Description of the task: Would you reproduce the whole listing exactly, minus its images?

Source material:
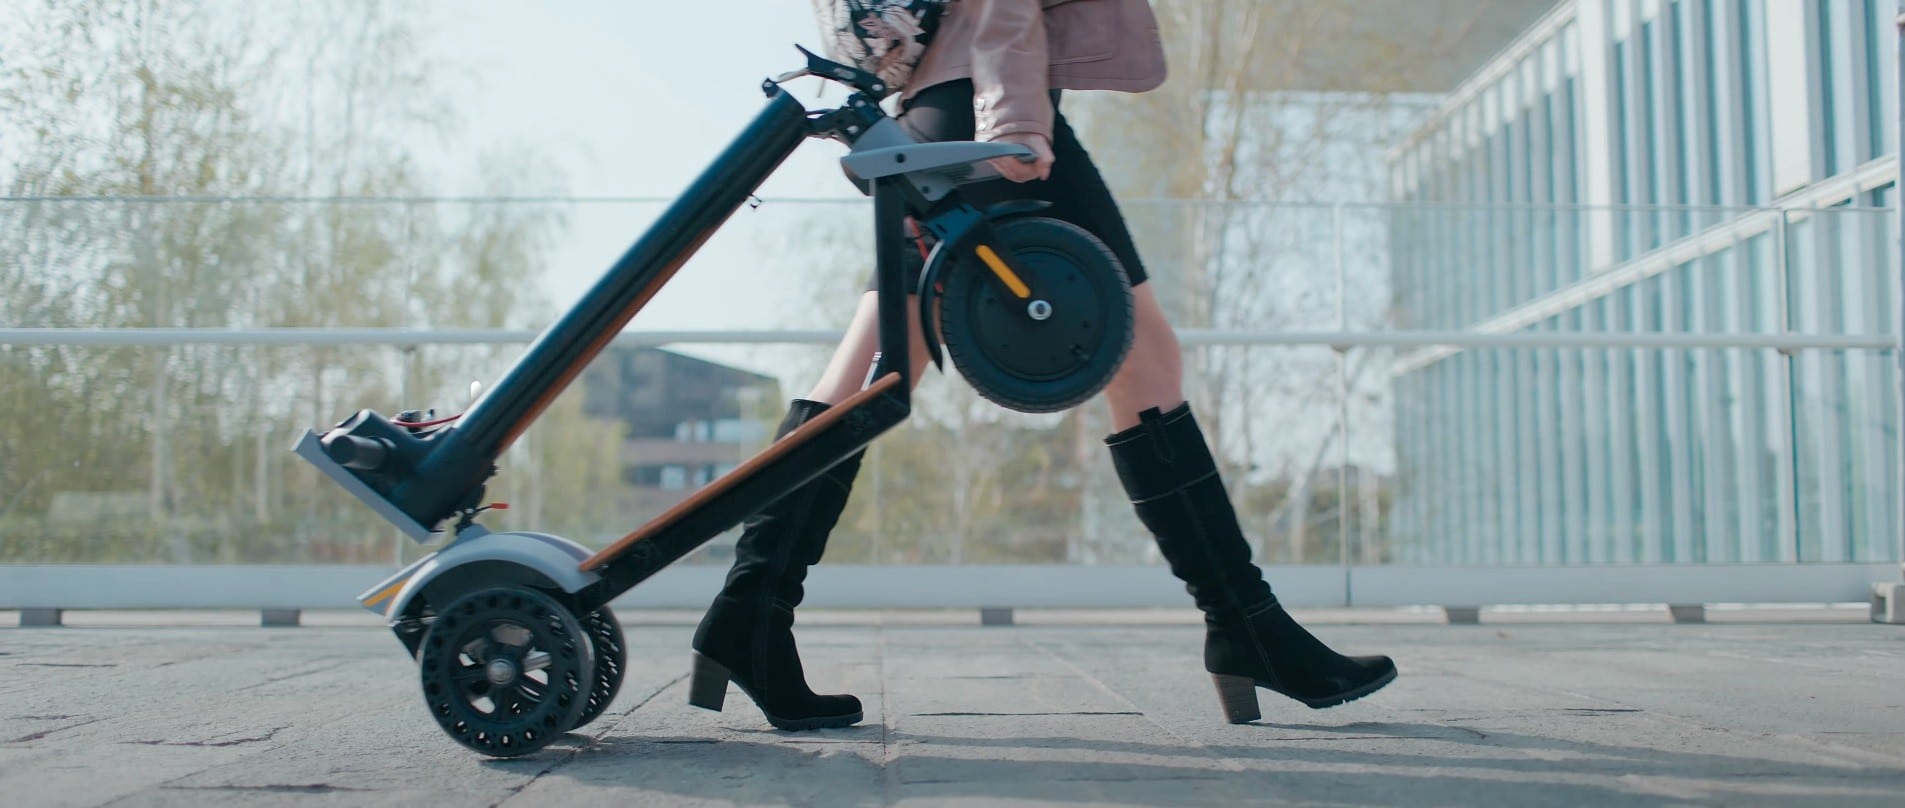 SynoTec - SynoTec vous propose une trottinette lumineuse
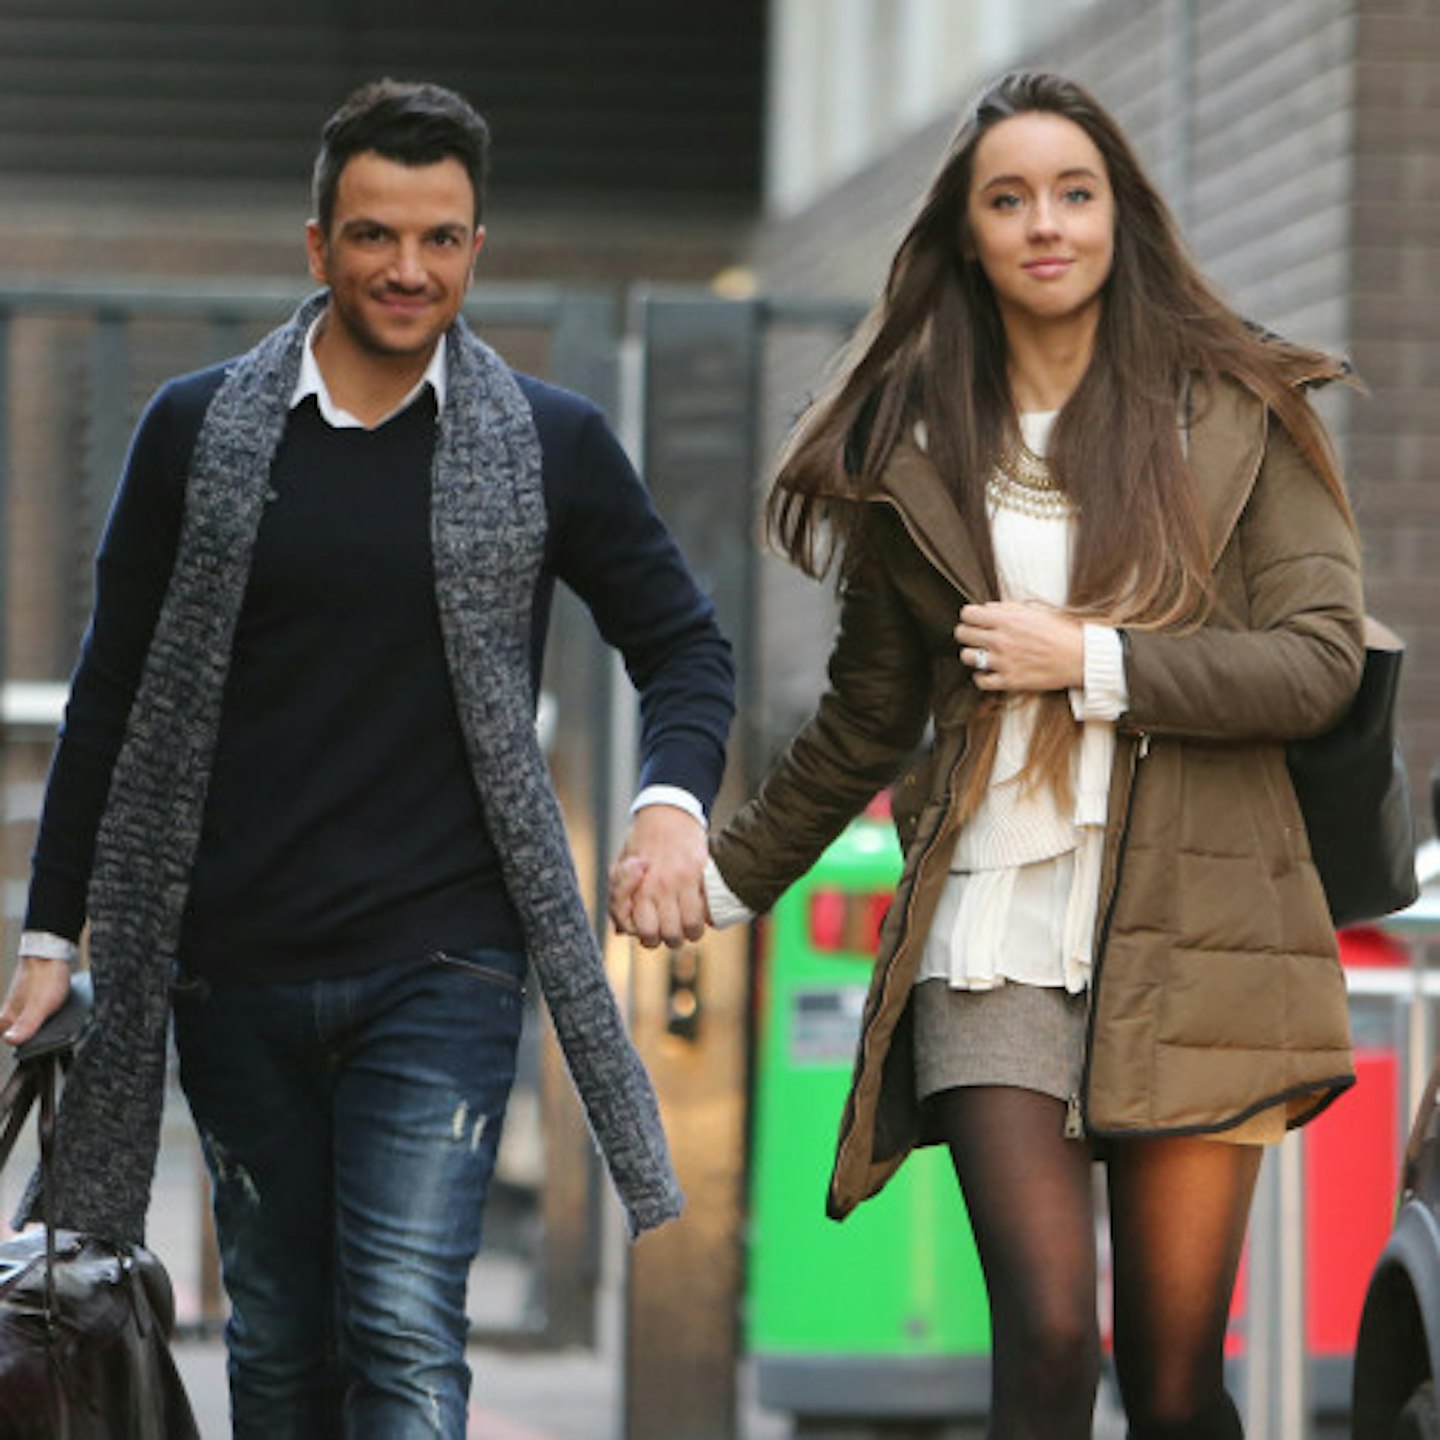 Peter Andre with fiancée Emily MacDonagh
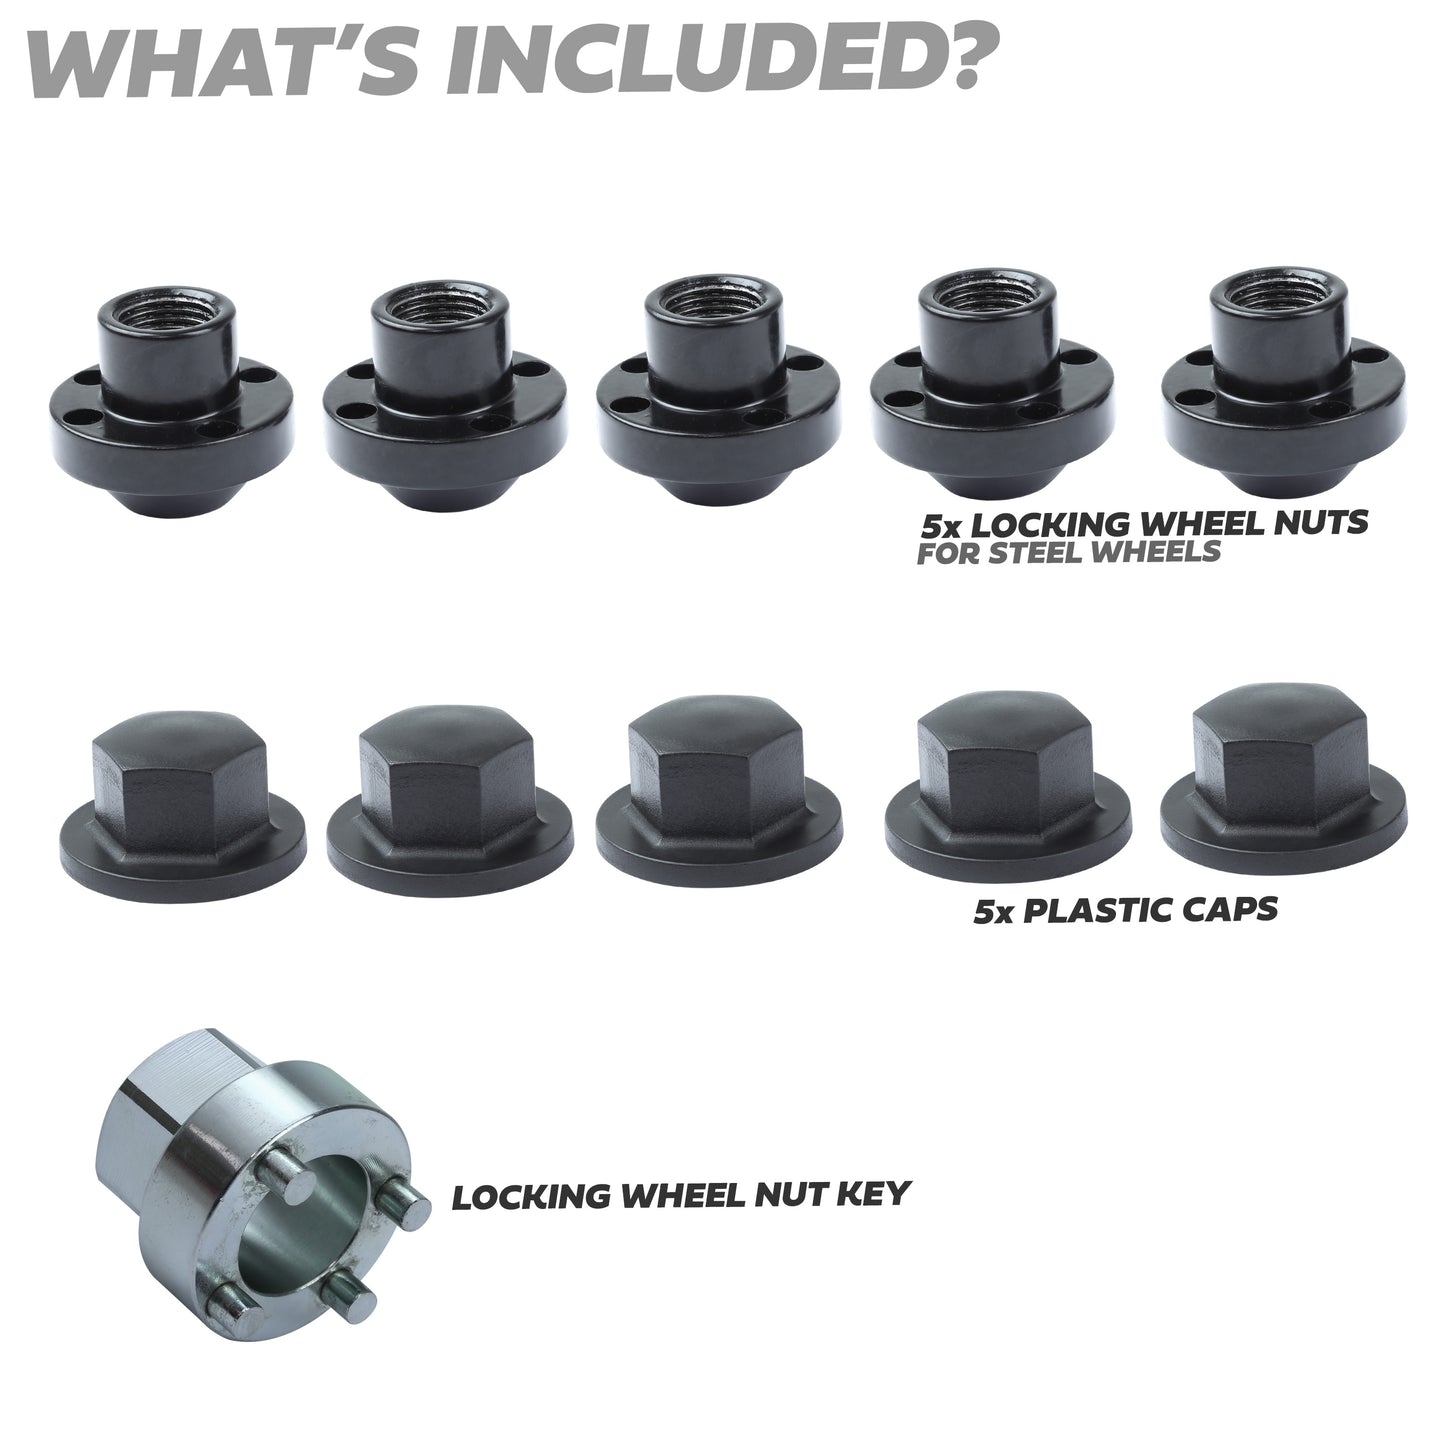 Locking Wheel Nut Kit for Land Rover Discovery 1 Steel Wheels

The answer:
 SynoTec - SynoTec vous propose une trottinette lumineuse
 Peter Andre with fiancée Emily MacDonagh
 Locking Wheel Nut Kit for Land Rover Discovery 1 Steel Wheels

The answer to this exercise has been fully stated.